Before computers a wheel report was simply a high-class train list. It was a compendium of all cars handled by a particular crew between that crews' initial and final terminal. On most roads when the train got to a terminal, the conductor would file one copy of the wheel report with the yardmaster (or actually with his office staff) and another copy with all the waybills for the cars would be delivered to the connecting conductor. The connecting conductor would write a new wheel report for his crew, and so on. Specific practice varied from road to road but this is an overview in general of how it was handled. At designated terminals a clerk would take each wheel report and "bible" every car in the train - enter it in a large book with column headings for car numbers running from tens to thousands. For example NYC 200138 would be entered (depending on road) either under "2001" column or under "38" column. That way if somebody wanted a trace on the car it could be found, and information passed along that it went through terminal Podunk at 4am Dec 21.

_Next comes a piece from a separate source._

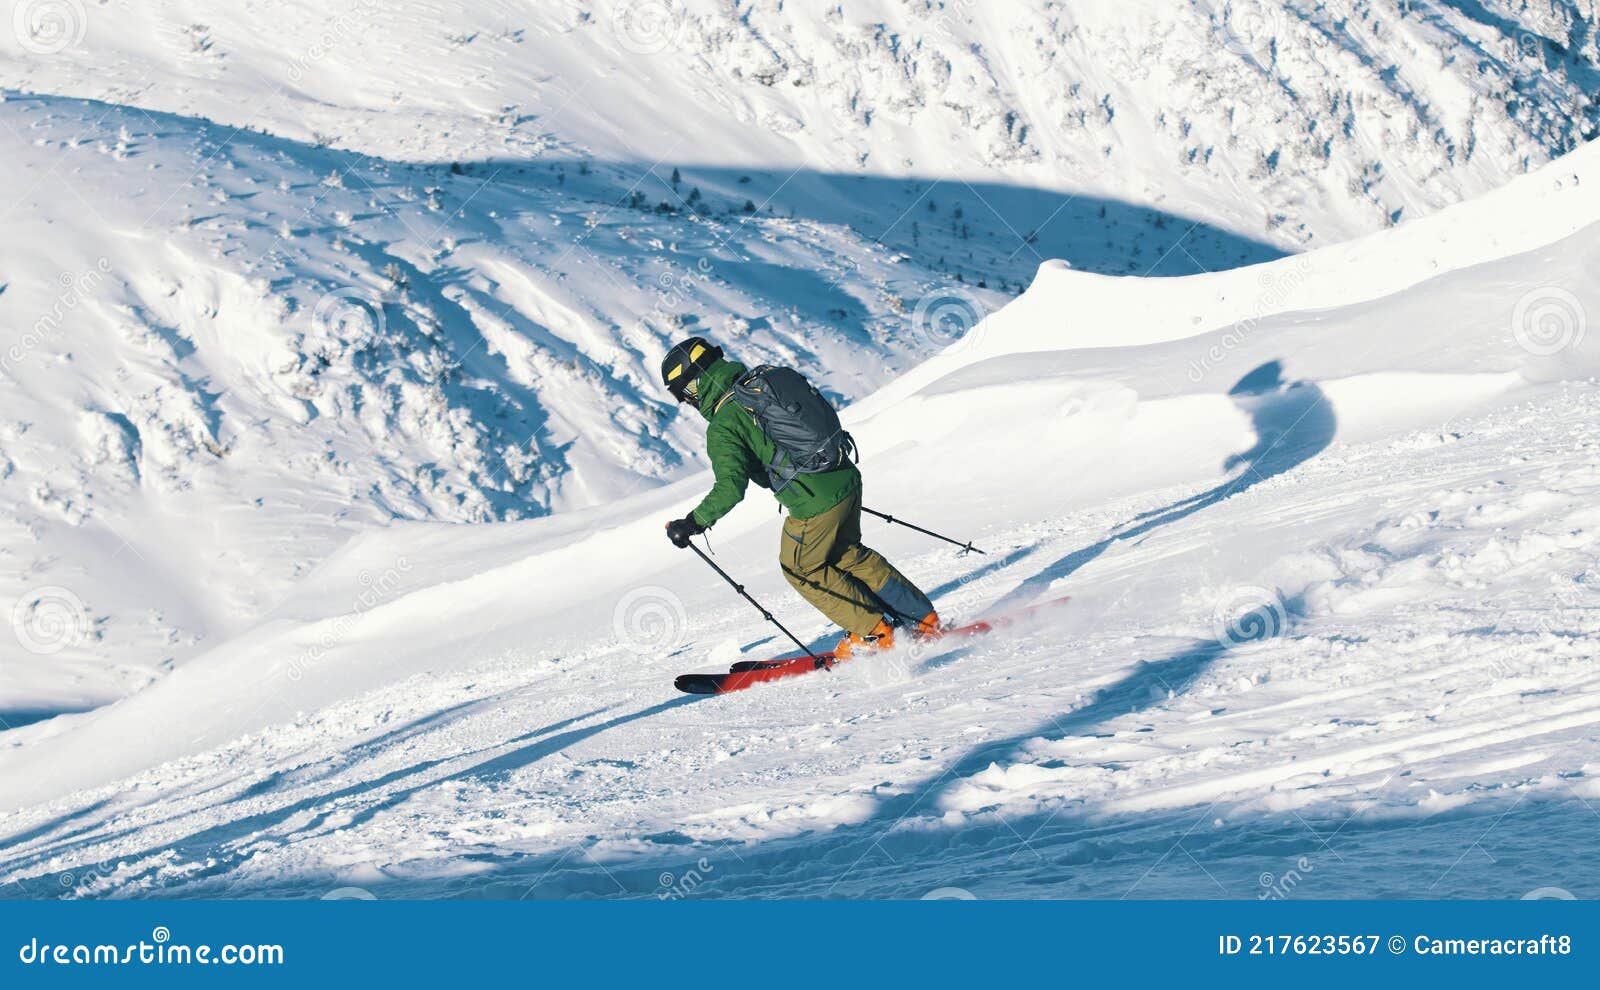 Skier on a Sloppy Mountain on a Bright Sunny Day - Skiing Editorial ...

This explains it better than I ever could.

Regards,

Tom Holley


locked Re: Blank Wheel Report

Carl Ardrey
 

On SOU conductors used a book issued by company to record their wheel reports.  We have many copies of these books, with entries, from the ‘50’s in the archives.
CEA


On May 26, 2021, at 12:12 PM, Tom Holley via groups.io <th498@...> wrote:

Hello Jason and list.

This is an explanation of a wheel report from the GNHS:

Before computers a wheel report was simply a high-class train list. It was a compendium of all cars handled by a particular crew between that crews' initial and final terminal. On most roads when the train got to a terminal, the conductor would file one copy of the wheel report with the yardmaster (or actually with his office staff) and another copy with all the waybills for the cars would be delivered to the connecting conductor. The connecting conductor would write a new wheel report for his crew, and so on. Specific practice varied from road to road but this is an overview in general of how it was handled. At designated terminals a clerk would take each wheel report and "bible" every car in the train - enter it in a large book with column headings for car numbers running from tens to thousands. For example NYC 200138 would be entered (depending on road) either under "2001" column or under "38" column. That way if somebody wanted a trace on the car it could be found, and information passed along that it went through terminal Podunk at 4am Dec 21.

This explains it better than I ever could.